# What you are asked to do:
In the entries that follow, the first line to write out is the one containing "Обои Ме-410, war", and the last is the one containing "4 évszak Haldorádó". Reproduce that stretch exactly, with nothing before or after it.

-------- Dataset content

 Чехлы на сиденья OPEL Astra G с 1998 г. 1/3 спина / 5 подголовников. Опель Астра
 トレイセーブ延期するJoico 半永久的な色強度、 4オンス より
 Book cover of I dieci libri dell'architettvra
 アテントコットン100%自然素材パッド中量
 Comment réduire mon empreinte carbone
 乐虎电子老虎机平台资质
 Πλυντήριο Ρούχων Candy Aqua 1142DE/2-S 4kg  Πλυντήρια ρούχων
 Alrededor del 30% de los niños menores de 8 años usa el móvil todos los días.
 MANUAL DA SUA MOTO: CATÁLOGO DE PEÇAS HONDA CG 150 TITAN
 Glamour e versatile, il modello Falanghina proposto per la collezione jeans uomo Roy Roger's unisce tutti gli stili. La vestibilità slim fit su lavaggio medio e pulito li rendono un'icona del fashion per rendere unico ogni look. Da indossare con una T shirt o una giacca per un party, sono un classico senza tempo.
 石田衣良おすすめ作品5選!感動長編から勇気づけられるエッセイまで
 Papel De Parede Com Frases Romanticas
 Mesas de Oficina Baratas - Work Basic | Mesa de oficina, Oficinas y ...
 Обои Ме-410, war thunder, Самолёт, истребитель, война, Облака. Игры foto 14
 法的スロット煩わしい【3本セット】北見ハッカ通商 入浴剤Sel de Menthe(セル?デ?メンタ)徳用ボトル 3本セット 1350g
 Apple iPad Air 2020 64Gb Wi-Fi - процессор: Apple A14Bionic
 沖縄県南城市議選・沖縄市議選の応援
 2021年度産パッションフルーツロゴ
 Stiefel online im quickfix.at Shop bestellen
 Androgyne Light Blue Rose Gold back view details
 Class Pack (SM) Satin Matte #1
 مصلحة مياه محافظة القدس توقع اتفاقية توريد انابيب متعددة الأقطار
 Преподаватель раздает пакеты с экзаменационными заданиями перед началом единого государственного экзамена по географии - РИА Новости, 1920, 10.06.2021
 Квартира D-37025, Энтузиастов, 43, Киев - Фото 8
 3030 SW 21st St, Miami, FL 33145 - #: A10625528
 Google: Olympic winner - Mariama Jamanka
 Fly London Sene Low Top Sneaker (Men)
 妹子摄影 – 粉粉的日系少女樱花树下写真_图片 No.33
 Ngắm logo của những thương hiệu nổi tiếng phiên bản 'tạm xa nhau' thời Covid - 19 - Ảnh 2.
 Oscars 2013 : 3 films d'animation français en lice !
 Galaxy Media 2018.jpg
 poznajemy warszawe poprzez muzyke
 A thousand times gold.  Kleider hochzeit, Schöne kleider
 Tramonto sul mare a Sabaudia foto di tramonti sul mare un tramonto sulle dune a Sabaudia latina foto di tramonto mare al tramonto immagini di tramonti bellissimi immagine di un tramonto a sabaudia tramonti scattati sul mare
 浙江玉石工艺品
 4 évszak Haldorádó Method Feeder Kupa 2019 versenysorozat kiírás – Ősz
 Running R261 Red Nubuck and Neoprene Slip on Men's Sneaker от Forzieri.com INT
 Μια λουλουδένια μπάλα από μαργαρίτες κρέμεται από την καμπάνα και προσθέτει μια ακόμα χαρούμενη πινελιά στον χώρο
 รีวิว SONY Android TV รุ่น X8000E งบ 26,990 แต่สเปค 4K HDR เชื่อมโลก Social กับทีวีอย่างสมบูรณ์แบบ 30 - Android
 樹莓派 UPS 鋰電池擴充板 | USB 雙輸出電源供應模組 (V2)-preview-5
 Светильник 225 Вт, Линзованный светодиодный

----------------

# Reply:
 Обои Ме-410, war thunder, Самолёт, истребитель, война, Облака. Игры foto 14
 法的スロット煩わしい【3本セット】北見ハッカ通商 入浴剤Sel de Menthe(セル?デ?メンタ)徳用ボトル 3本セット 1350g
 Apple iPad Air 2020 64Gb Wi-Fi - процессор: Apple A14Bionic
 沖縄県南城市議選・沖縄市議選の応援
 2021年度産パッションフルーツロゴ
 Stiefel online im quickfix.at Shop bestellen
 Androgyne Light Blue Rose Gold back view details
 Class Pack (SM) Satin Matte #1
 مصلحة مياه محافظة القدس توقع اتفاقية توريد انابيب متعددة الأقطار
 Преподаватель раздает пакеты с экзаменационными заданиями перед началом единого государственного экзамена по географии - РИА Новости, 1920, 10.06.2021
 Квартира D-37025, Энтузиастов, 43, Киев - Фото 8
 3030 SW 21st St, Miami, FL 33145 - #: A10625528
 Google: Olympic winner - Mariama Jamanka
 Fly London Sene Low Top Sneaker (Men)
 妹子摄影 – 粉粉的日系少女樱花树下写真_图片 No.33
 Ngắm logo của những thương hiệu nổi tiếng phiên bản 'tạm xa nhau' thời Covid - 19 - Ảnh 2.
 Oscars 2013 : 3 films d'animation français en lice !
 Galaxy Media 2018.jpg
 poznajemy warszawe poprzez muzyke
 A thousand times gold.  Kleider hochzeit, Schöne kleider
 Tramonto sul mare a Sabaudia foto di tramonti sul mare un tramonto sulle dune a Sabaudia latina foto di tramonto mare al tramonto immagini di tramonti bellissimi immagine di un tramonto a sabaudia tramonti scattati sul mare
 浙江玉石工艺品
 4 évszak Haldorádó Method Feeder Kupa 2019 versenysorozat kiírás – Ősz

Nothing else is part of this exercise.